Report authors Will Mosseri-Marlio and Alex Hitchcock said the civil service should also “cultivate” procurement talent by limiting staff rotation, encouraging staff with technical skills to seek in-department promotions, and extending secondments both to and from the private sector.

Mosseri-Marlio said potential savings on offer represented “three-quarters of the annual cost of the police service in England and Wales”.

He and Hitchcock added that it was imperative that the Government Digital Service should design the Commercial Marketplace, which Cabinet Office minister Matt Hancock committed to building last year, but that it should be administered by the Crown Commercial Service. 

“GDS can then continue as a disruptive force by designing software capable of reframing the way government procures goods and services,” they said.

“CCS, the defined centre for government procurement, is best placed to increase and market the use of the Crown Marketplace across government. Placing the new platform within CCS might also enable it to better understand how to expand the goods and services on offer.”

Mosseri-Marlio and Hitchcock said "well documented tension" between GDS and CCS had "hampered" procurement reform to date.

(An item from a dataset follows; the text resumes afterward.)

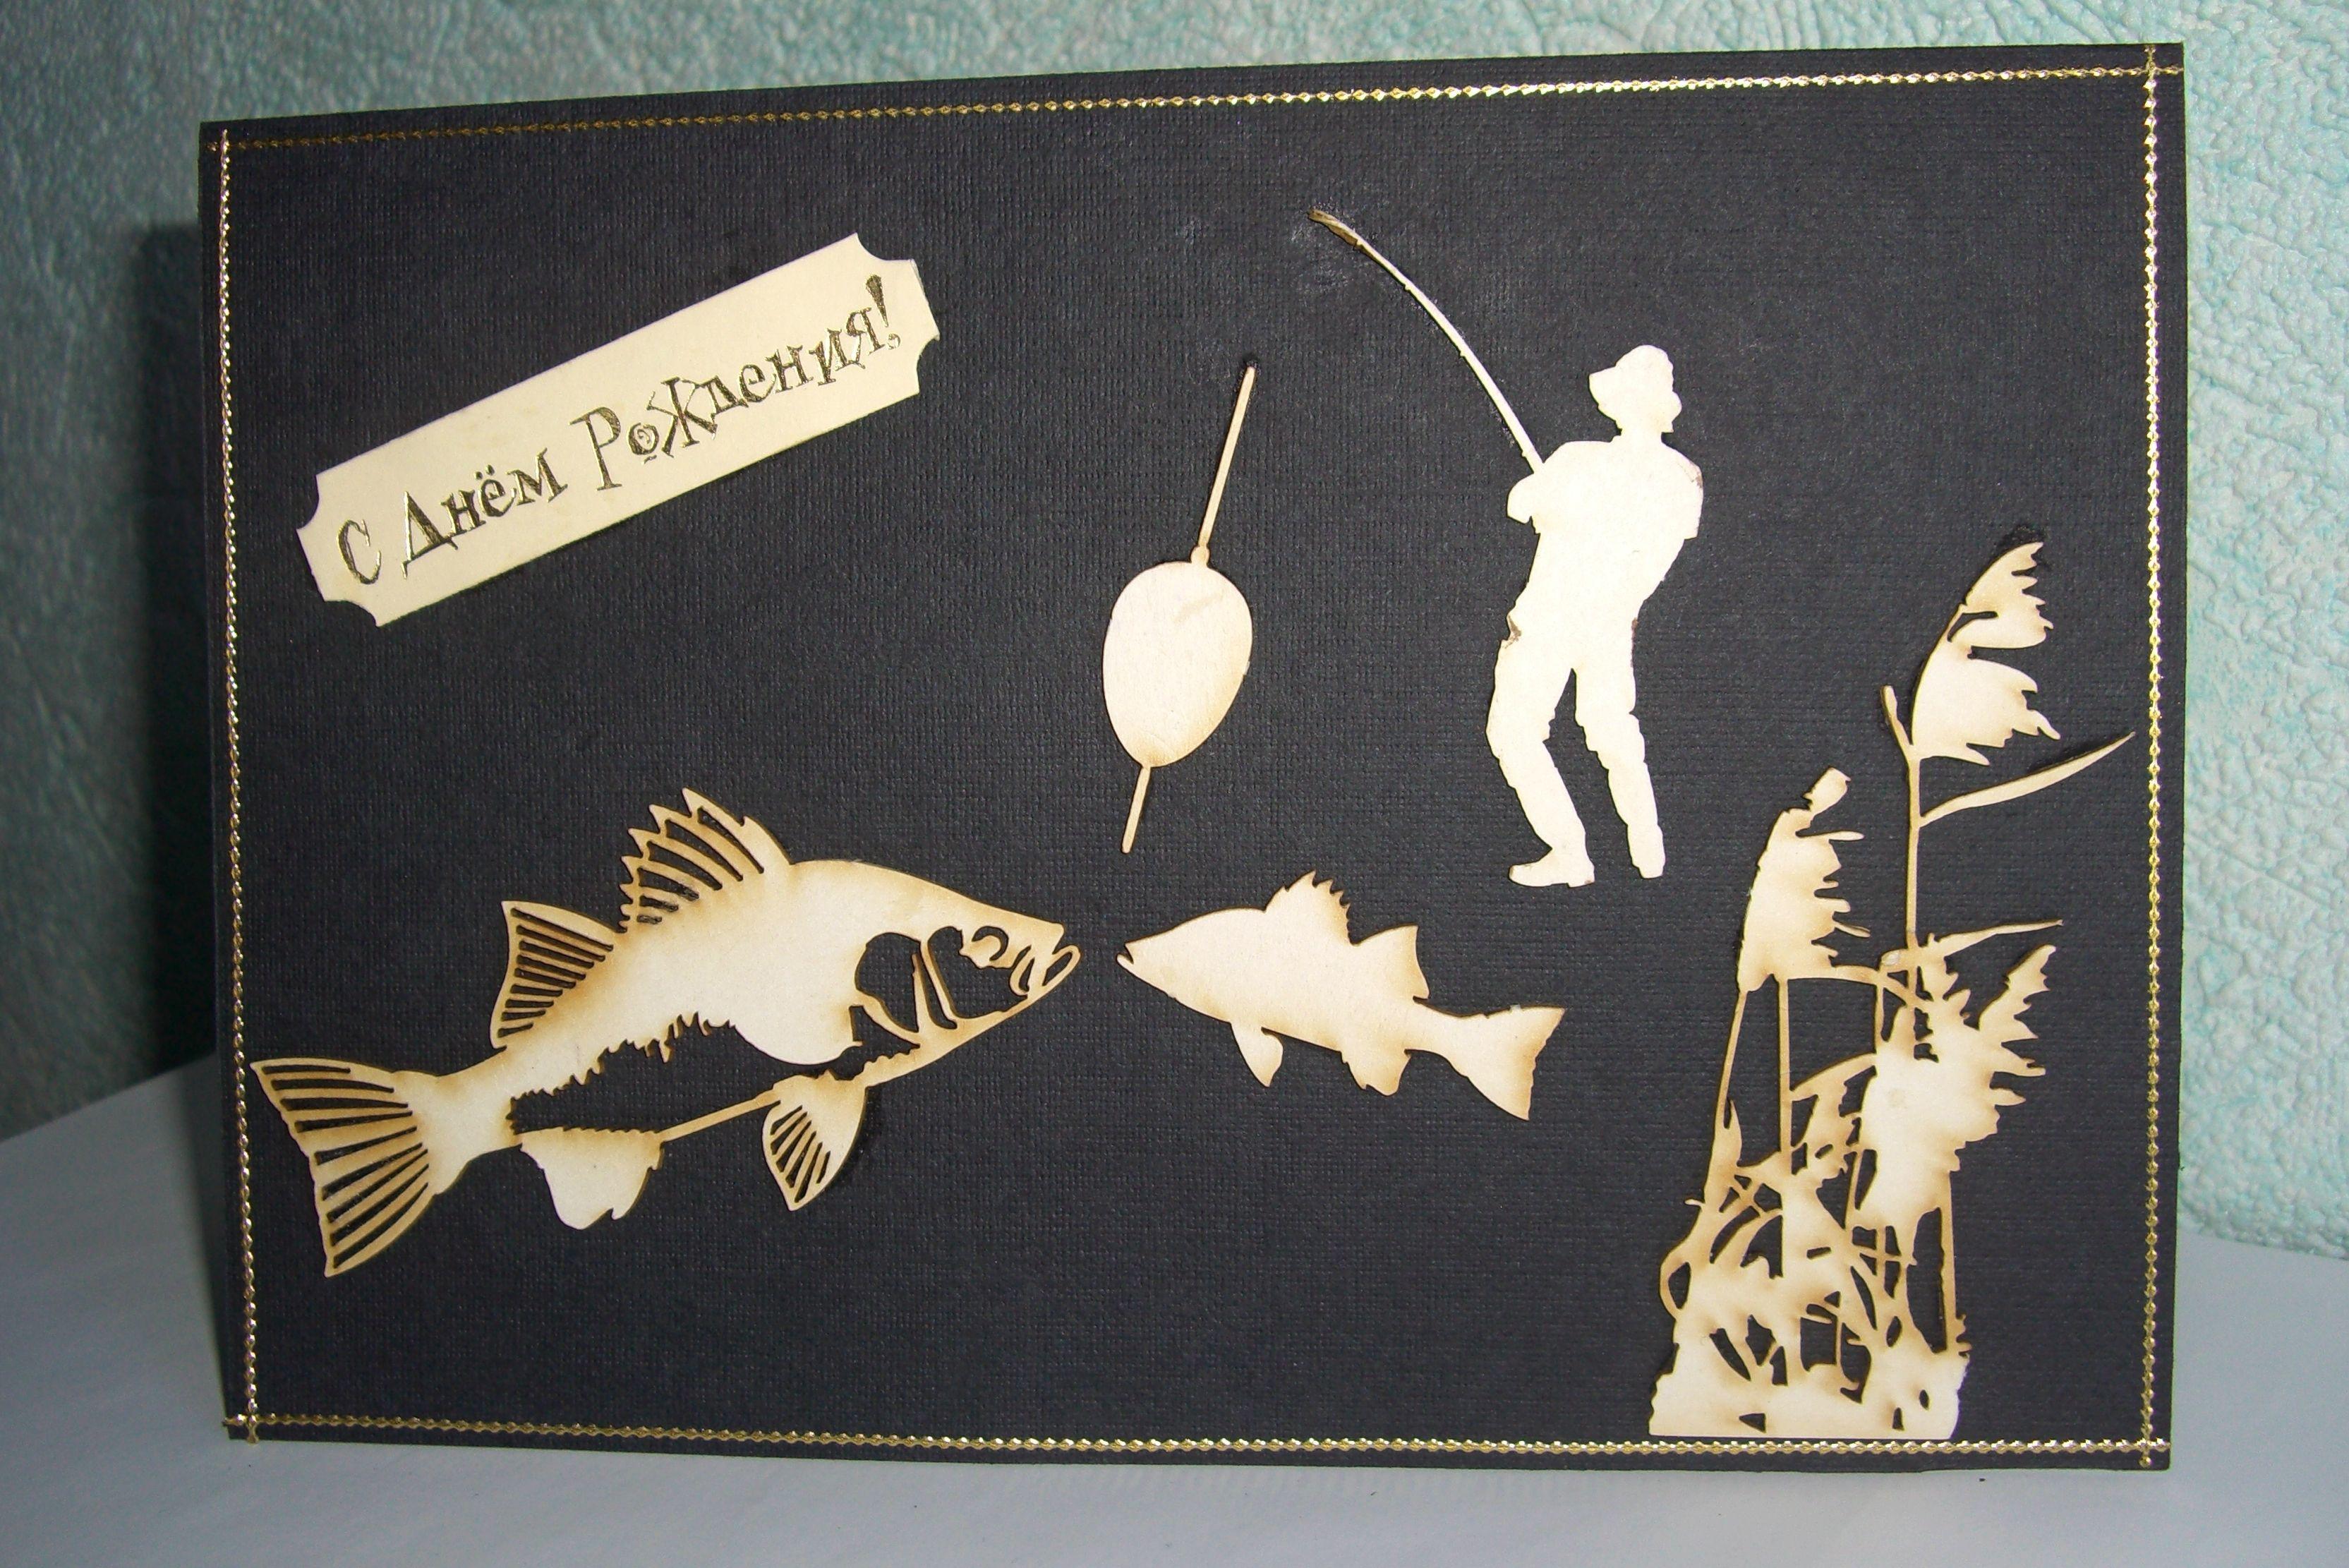 Открытка с днем рождения мужчине рыбаку своими руками из бумаги, толстых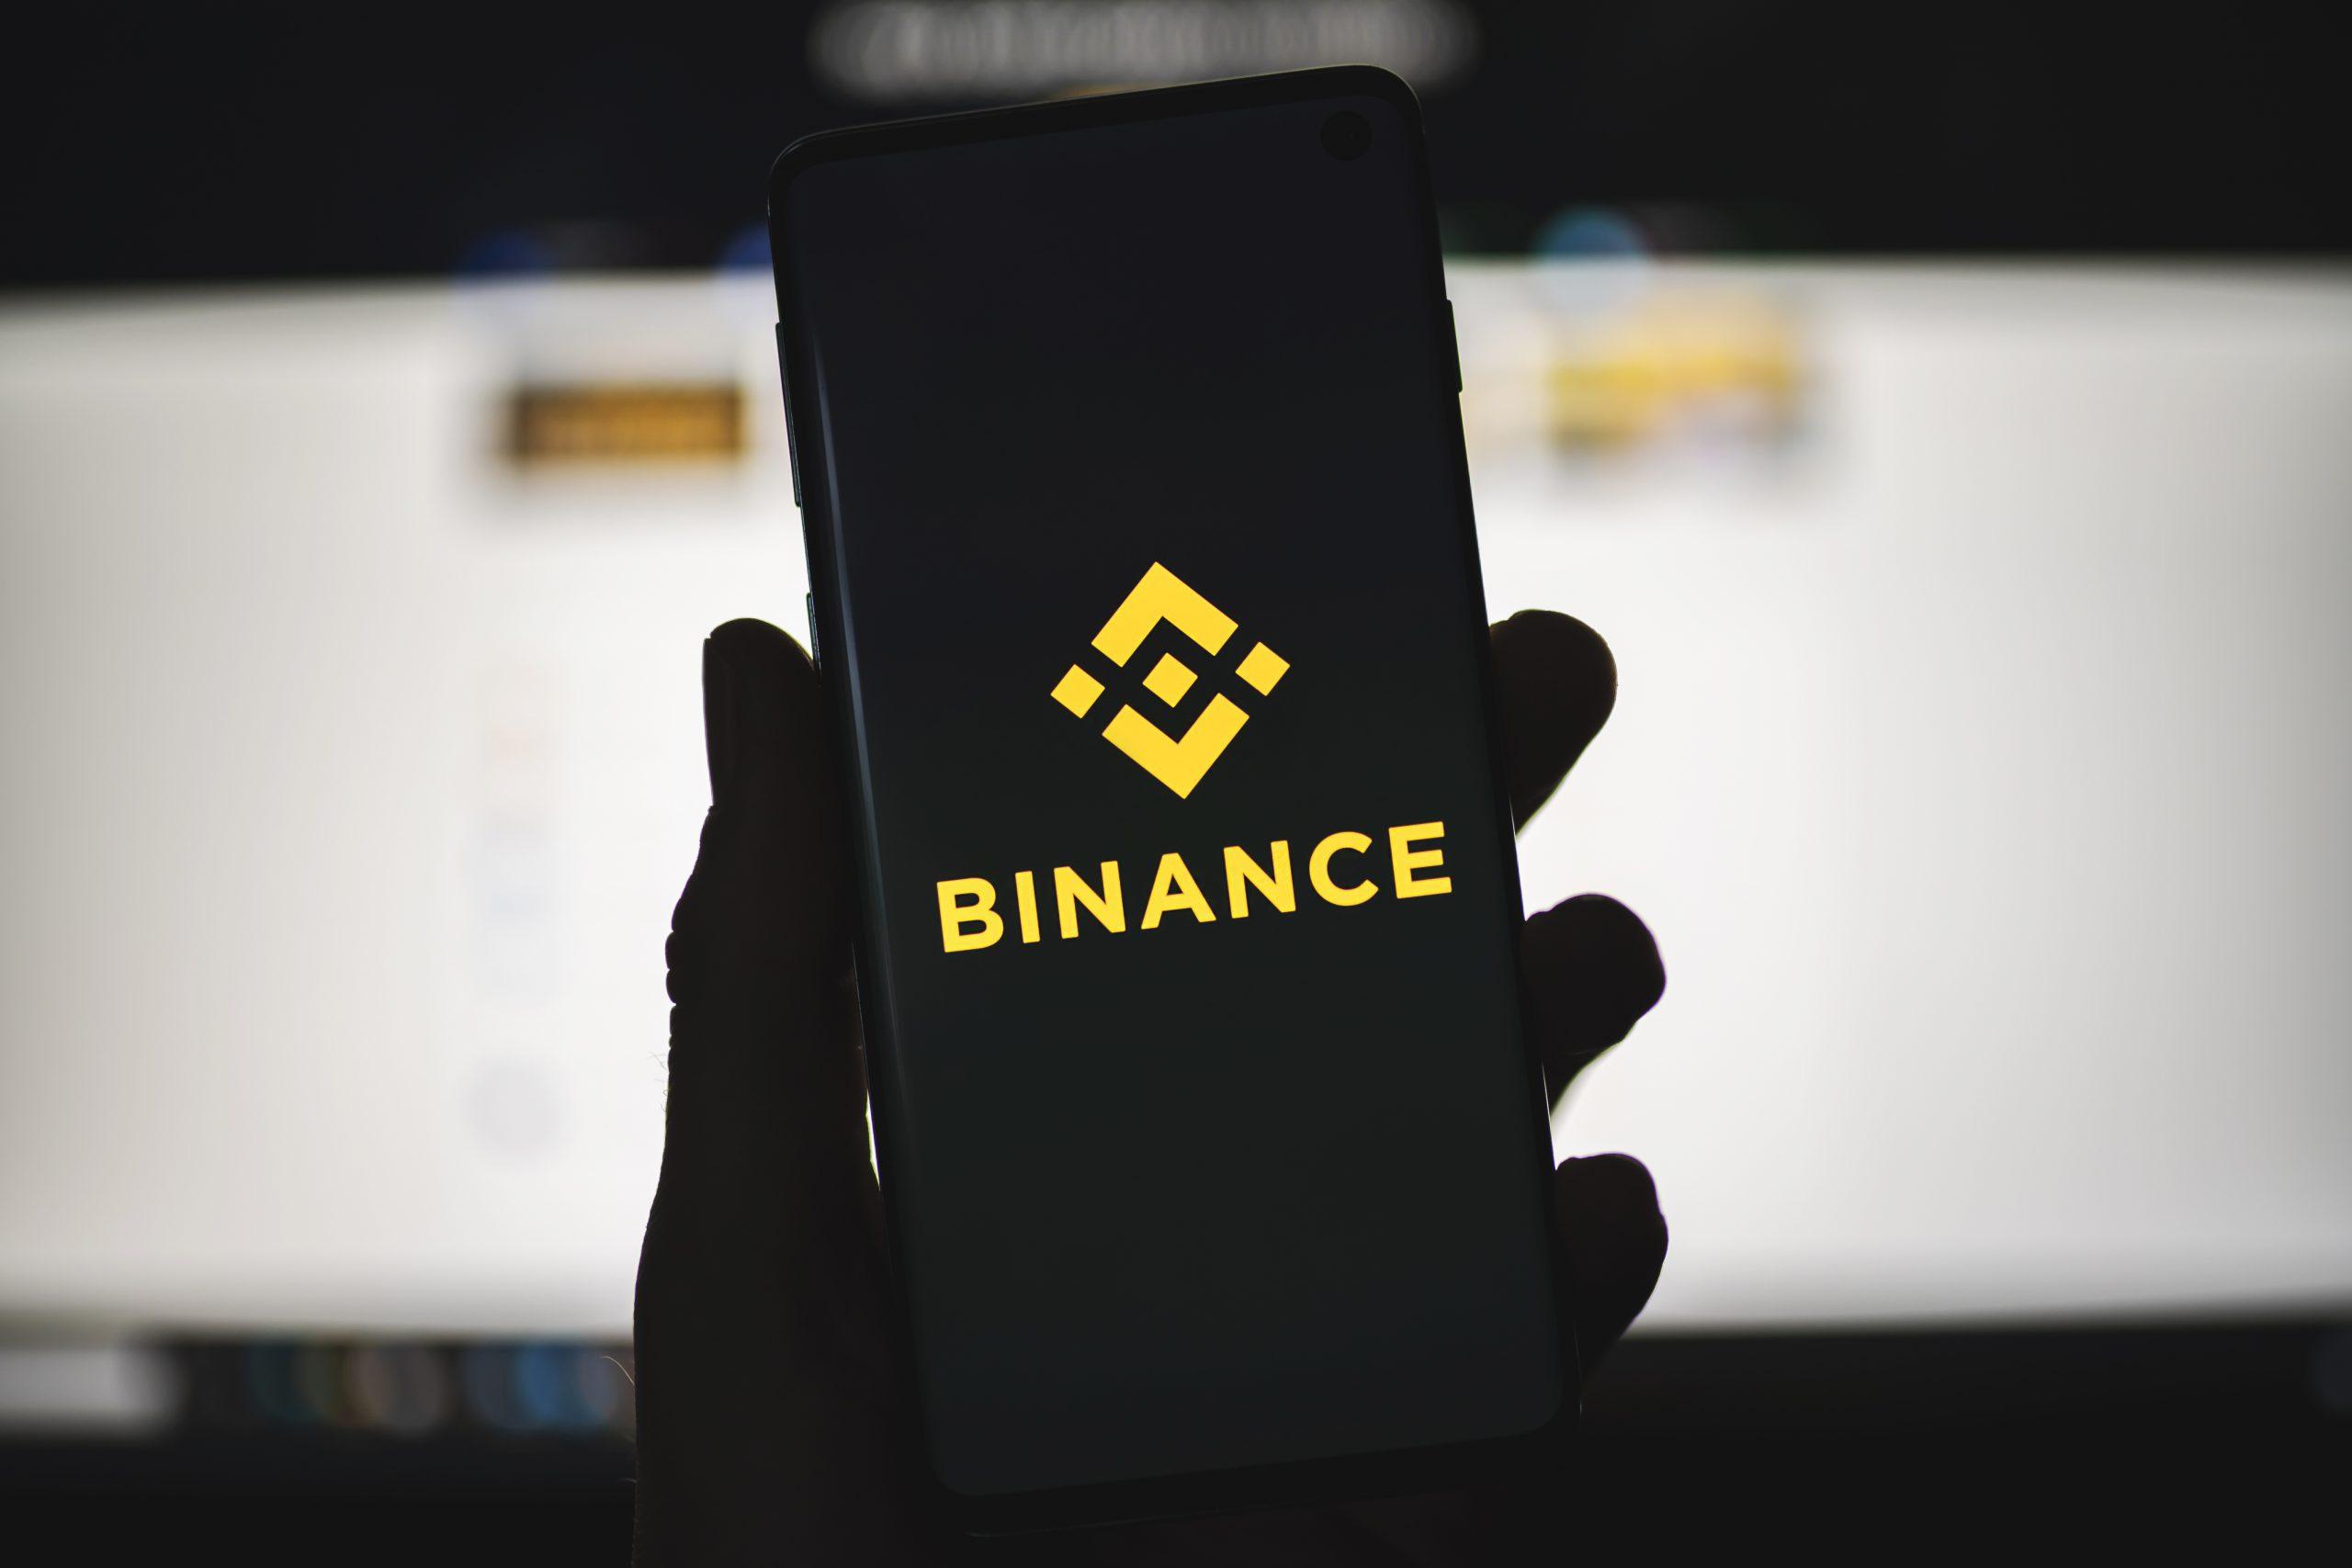 """Bitcoin-Börse Binance belohnt """"Kopfgeldjäger"""" mit 10 Millionen US-Dollar"""

They added that the Crown Marketplace’s remit should be expanded to include “appropriate parts” of the Department for Work and Pensions’ Aspire contract.

The report was based on interviews with unnamed private-sector experts, past and present politicians, and officials at the Cabinet Office, the Department for Work and Pensions, the Crown Commercial Service, the Ministry of Defence, and Government Digital Service.